In a multi-step random experiment, one should always consider if the experiment is with or without replacement and if the order matters or not.
A |6|-sided die is rolled twice in a row. What is the probability of rolling a |3| followed by a |4|?
A roll of a die is considered to be an experiment with replacement, because all |6| outcomes are still possible on the 2nd roll. Since we want a |3| followed by a |4,| we must take into account that the order matters.
The probability of rolling a |3| on the 1st throw is |\dfrac{1}{6}| and the probability of rolling a |4| on the 2nd throw is also |\dfrac{1}{6}.| The probabilities of each roll must be multiplied to find the probability of the event.
||P(\text{3 followed by a 4})=\dfrac{1}{6}\times \dfrac{1}{6} = \dfrac{1}{36}||
Answer: The probability of rolling a |3| followed by a |4| is |\dfrac{1}{36}.|
|3| cards are randomly chosen from a 52-card deck without replacing the chosen cards.
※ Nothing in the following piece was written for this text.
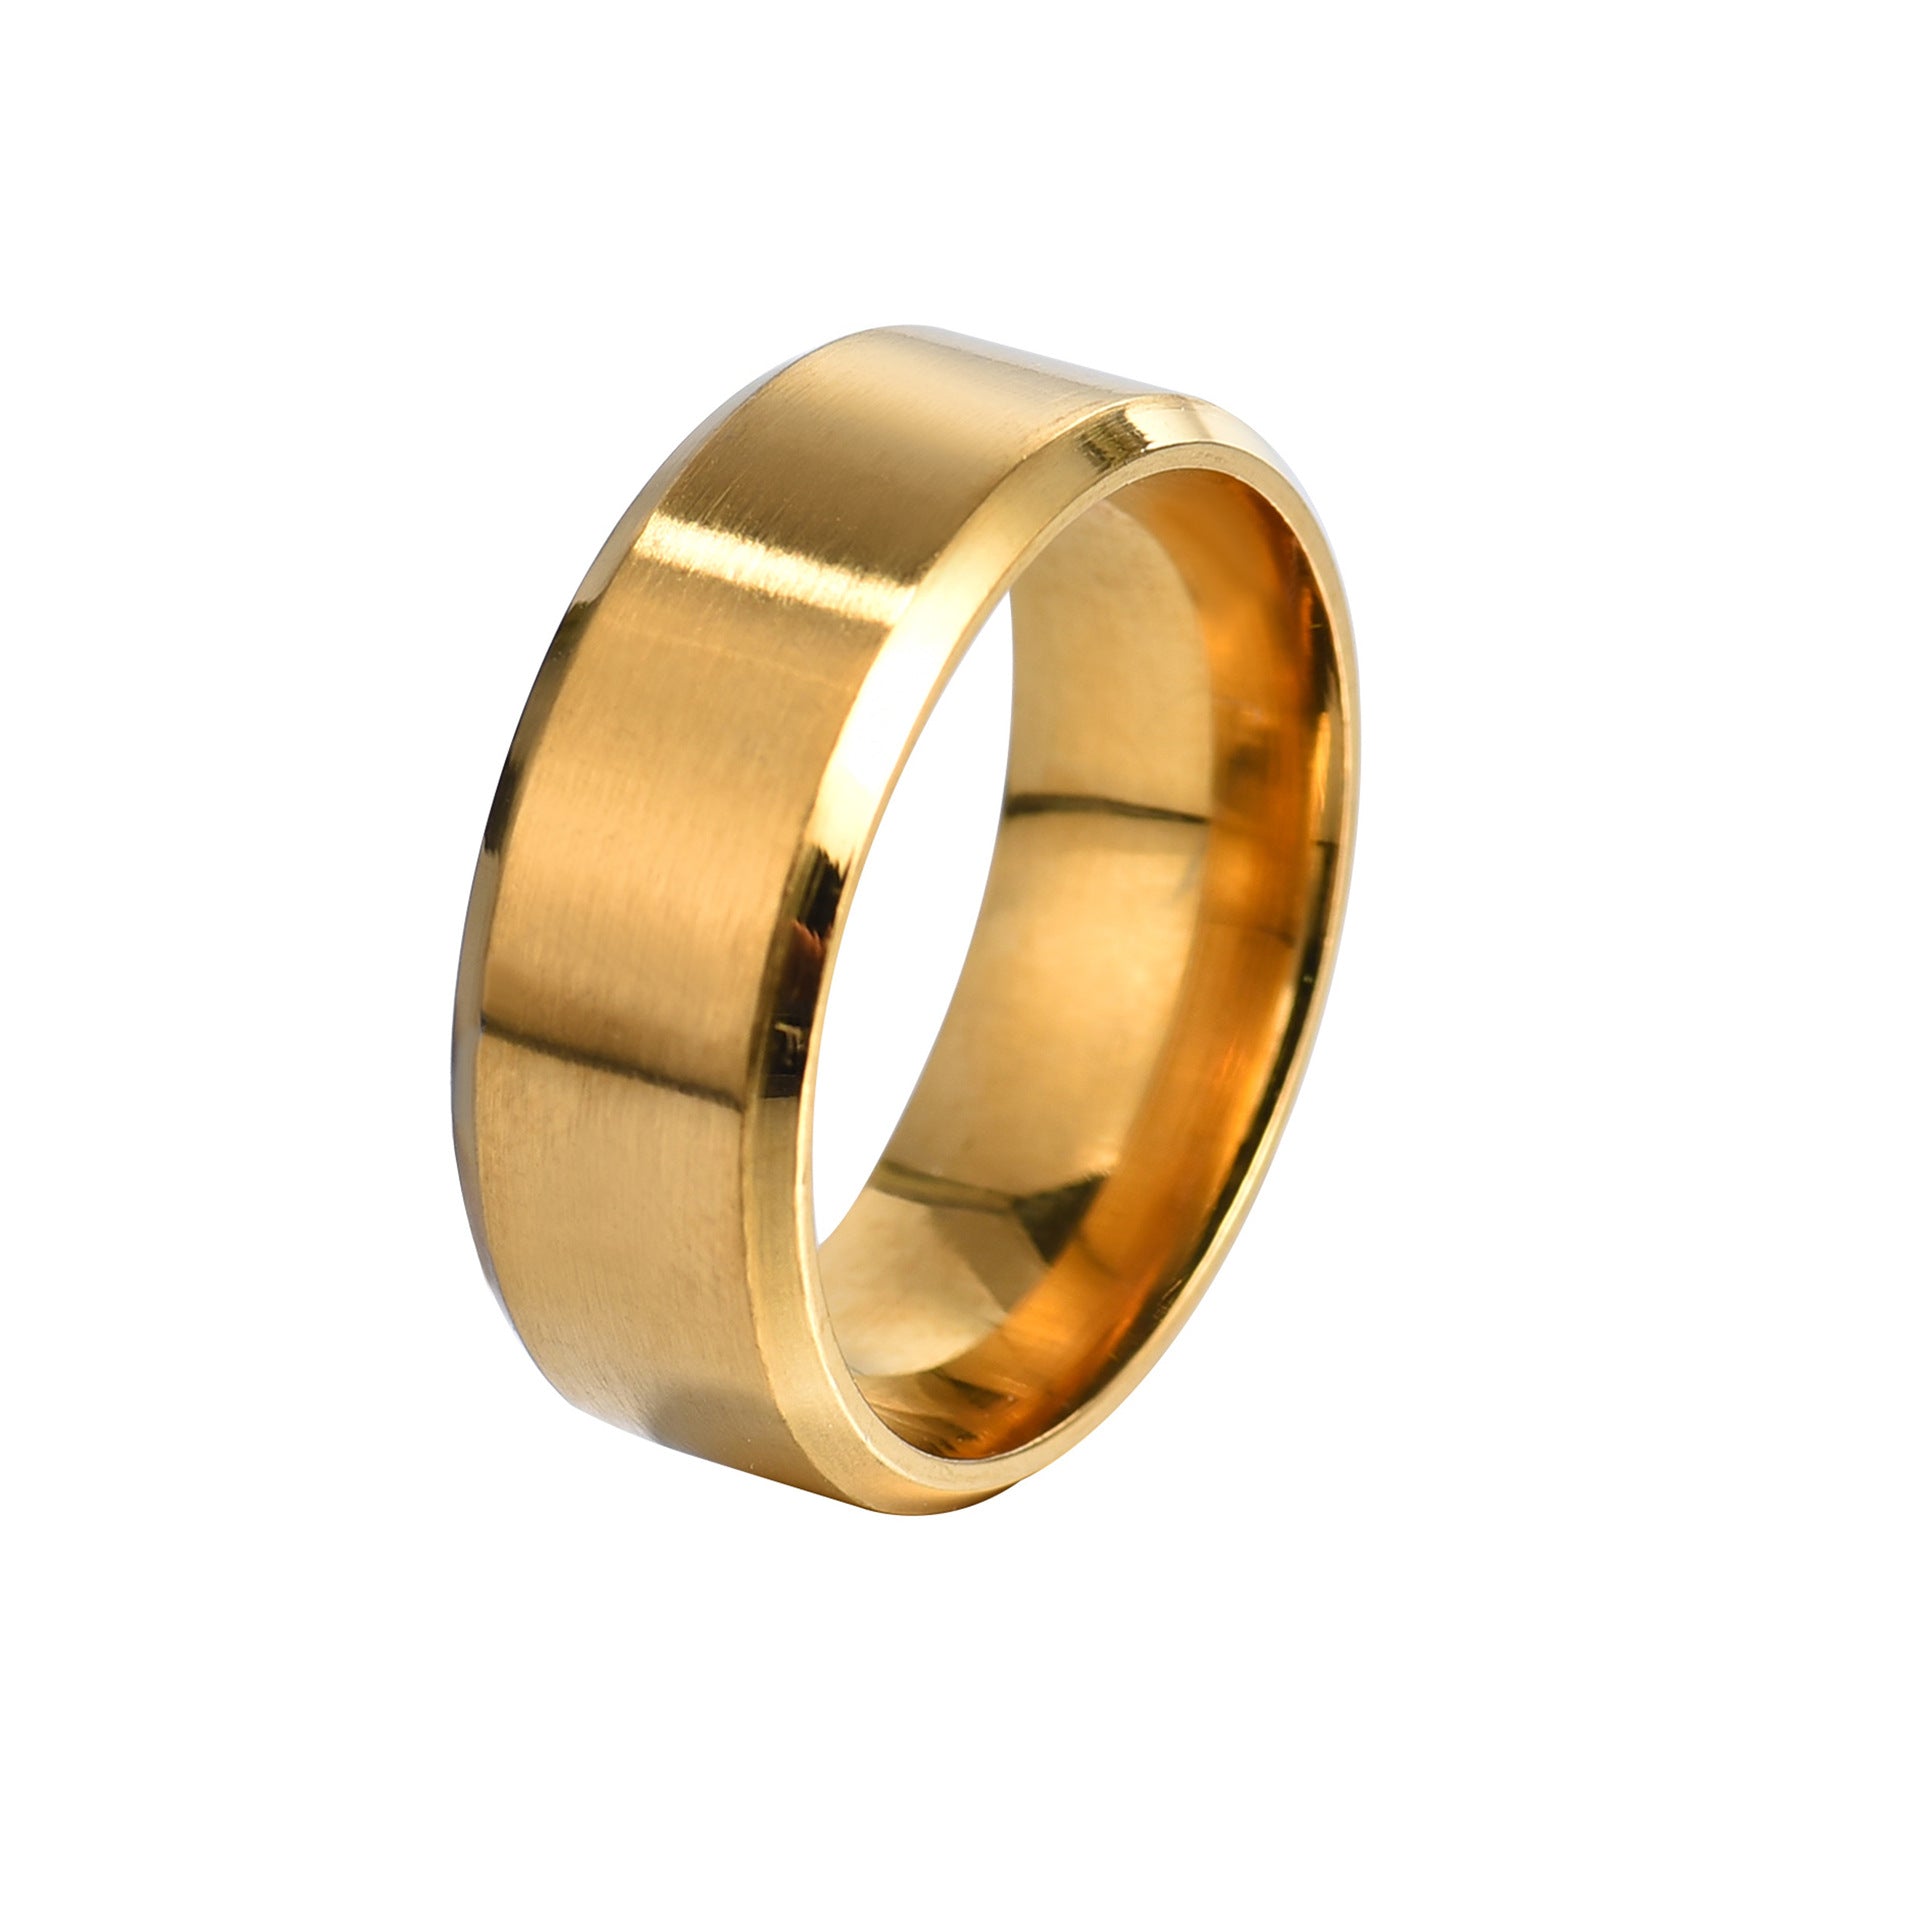 Gold Colored 316L Quality Steel Ring Wedding Ring (15 Size)
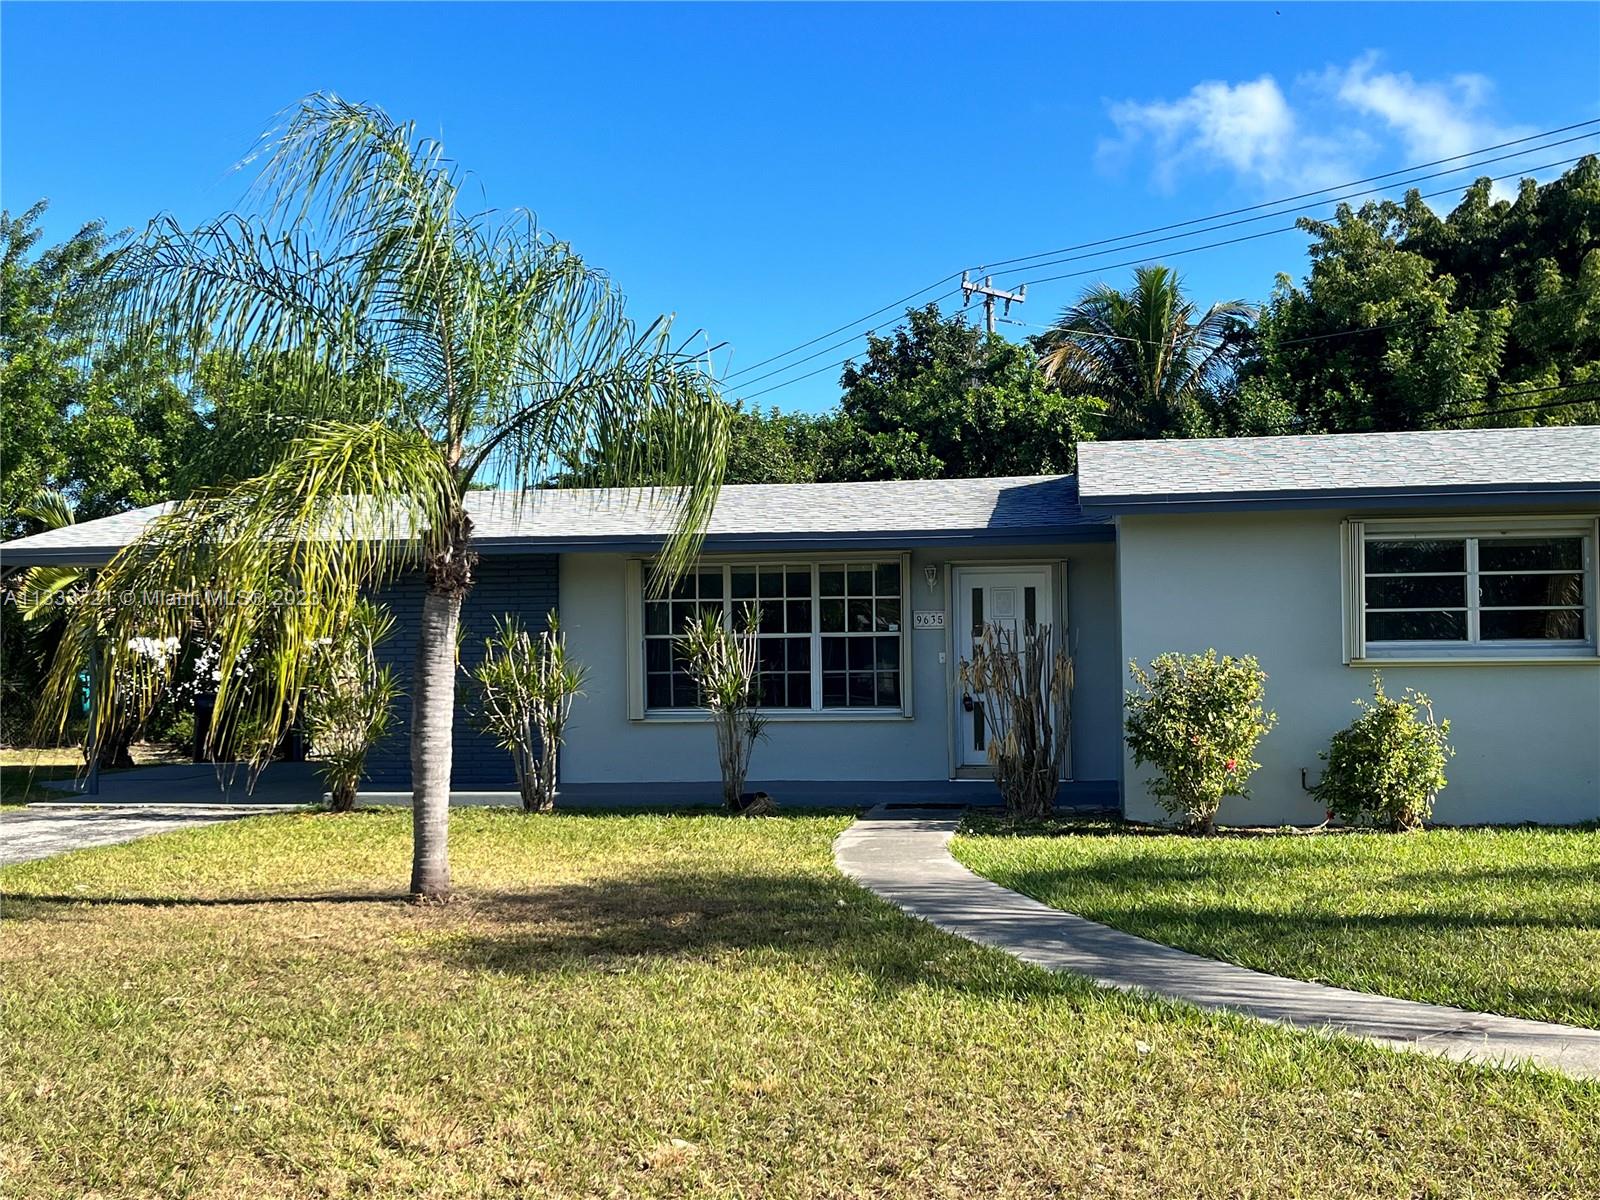 Beautiful Palmetto Bay Single Family Home 3 bedrooms, 2 bathrooms, beautiful upgraded kitchen, stainless steel  appliances, upgraded bathrooms, Tile floors, Fenced Yard with attached Carport. Palmetto Bay District schools. No association. Fast approval.

What is the probability of getting (in order) |2| red cards and a black card?
The probability of getting a red card on the 1st pick is |\dfrac{26}{52},| or |\dfrac{1}{2}.| Since this is a random experiment without replacement, the probability of getting a red card on the 2nd pick is |\dfrac{25}{51}.| The probability of getting a black card on the last pick is |\dfrac{26}{50},| or |\dfrac{13}{25}.| The probabilities of each pick must be multiplied to find the probability of the event.
||P(R,R,N)=\dfrac{1}{2}\times \dfrac{25}{51}\times \dfrac{13}{25} = \dfrac{13}{102}||
Answer: The probability of picking |2| red cards followed by a black card is |\dfrac{13}{102}.|